Platinum-based chemotherapy distribution within a tumor may predict ovarian cancer treatment resistance
A team of researchers from Japan has discovered that the distribution of platinum within a tumor following platinum-based chemotherapy treatment of ovarian cancer may predict whether the tumor will be resistant to further treatment. The research could offer ways to manage treatment for women whose tumors may be resistant to further platinum-based chemotherapy.
One of the biggest problems with treating ovarian cancer is completely removing the cancer surgically. To facilitate easier surgical removal, patients are given platinum-based chemotherapy drugs early in treatment to shrink the tumor. These drugs introduce platinum into the DNA of the cancer cells making up the tumor, which makes the DNA difficult to read and causes the cells to die.
However, if the tumor is not completely removed, it takes advantage of the body’s weakened immunity and comes back, often growing faster than before.
Because the tumor has experienced the treatment before, it develops increased resistance to it, in the same manner that bacteria can become resistant to antibiotics. Repeated exposure leads to 80% of women developing ovarian cancer tumors that are resistant to further treatment. Therefore, a technique that would allow doctors to tell if the patient will develop resistance to these commonly used drugs would make this process a lot more effective.
A team of researchers led by Professor Hiroaki Kajiyama, Assistant Professor Nobuhisa Yoshikawa, and graduate student Kaname Uno of the Nagoya University Graduate School of Medicine reported that the answer to this problem lies in the distribution of platinum in the tumor after treatment. Their findings were published in Scientific Reports.

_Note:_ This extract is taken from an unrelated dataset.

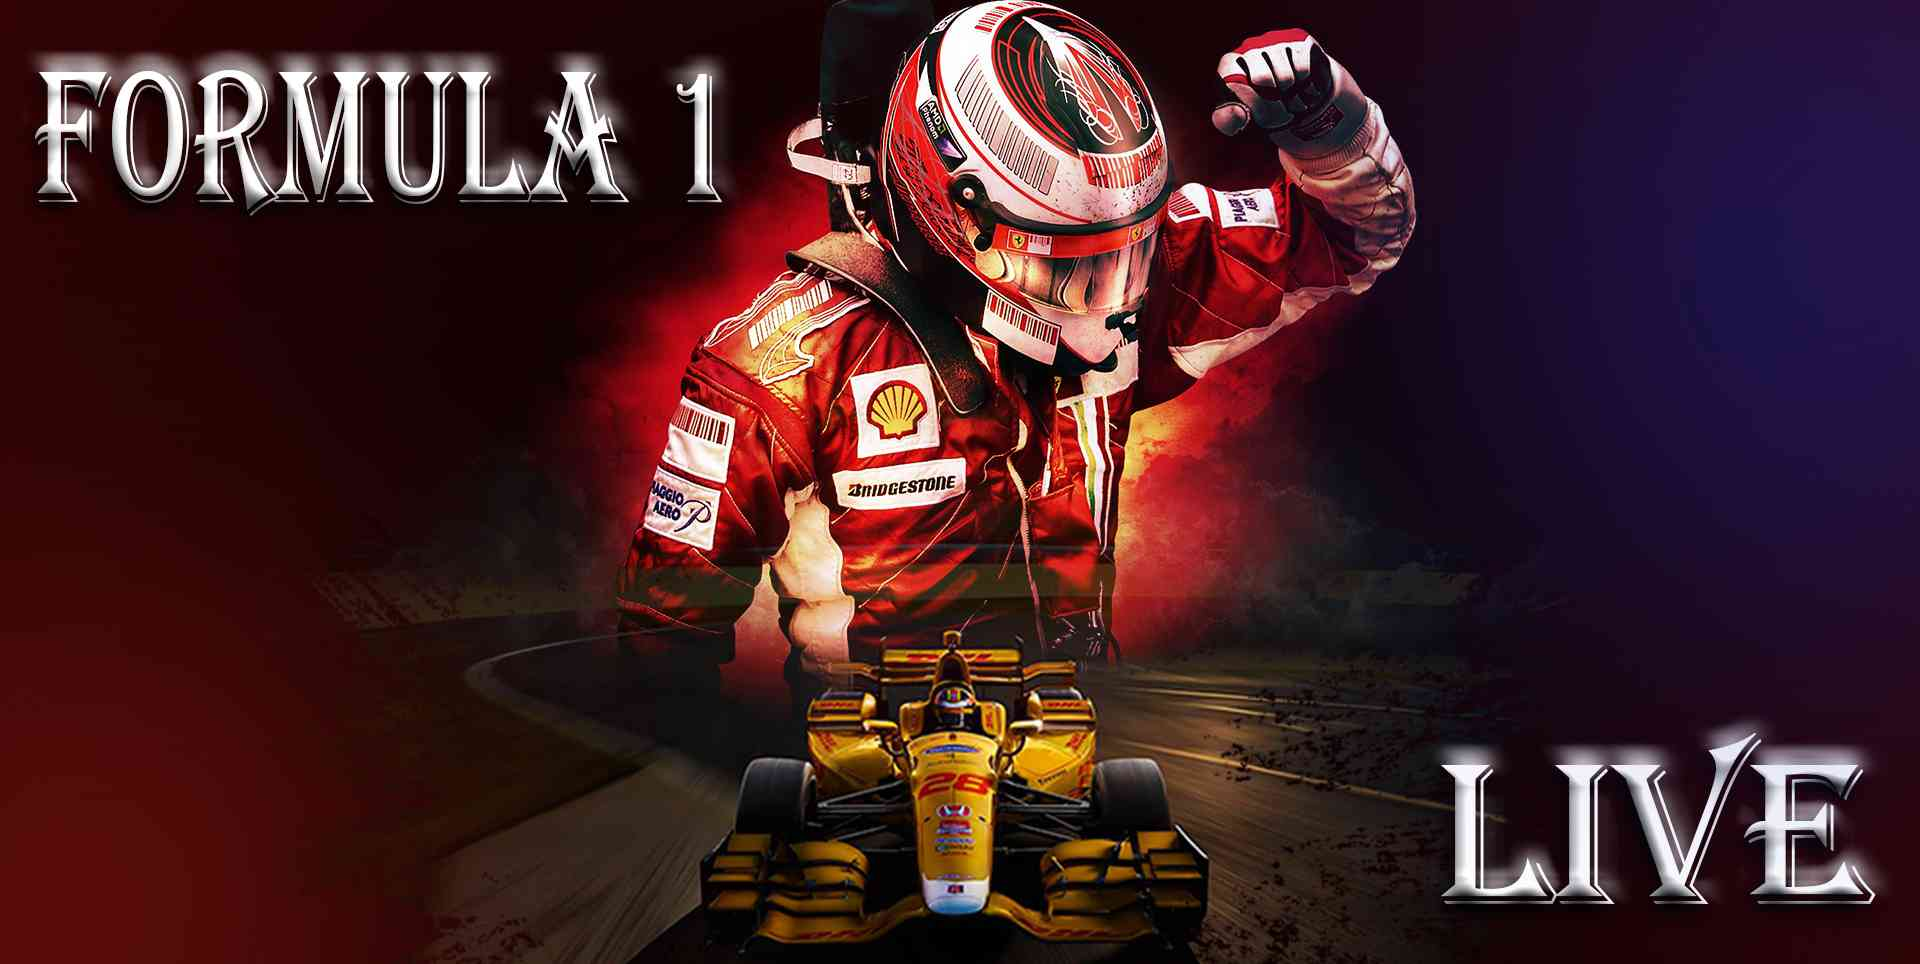 2016-racing-formula-3-paul-ricard-wtcc-france-live

The team looked at the amount of platinum in both the tumor itself and in its stroma, which is the part of the tumor that supplies cancer cells with nutrition and gets rid of waste products. They found that there were two basic types of platinum distribution: one where the platinum was evenly distributed throughout both the tumor itself and the stroma, and one where the platinum was mostly in the stroma.
The difference was staggering: only one of the 11 patients with an even distribution of platinum died in the three years after diagnosis, whereas half of 16 patients with most of the platinum in the stroma were dead within three years. In addition, the patients with tumors that showed an even distribution of platinum were also less likely to develop a tumor that was resistant to further treatment.
“We showed that there were two different patterns of platinum distribution within the tumor tissue. The difference in the distribution was shown to be significantly correlated with prognosis, suggesting that it is possible to discriminate between platinum-resistant and platinum-sensitive tumors before they recur,” explains Kajiyama. “Using this method, early diagnosis of platinum resistance and selection of appropriate postoperative anticancer therapy for patients as well as a new ovarian cancer treatment strategy are possibilities.”
Predicting whether a tumor will become resistant to platinum-based drugs would solve one of the major difficulties in successfully treating ovarian cancer. A future where doctors can modify chemotherapy for patients most at risk of resistance will improve their chances of surviving and make sure that the most effective treatment is given.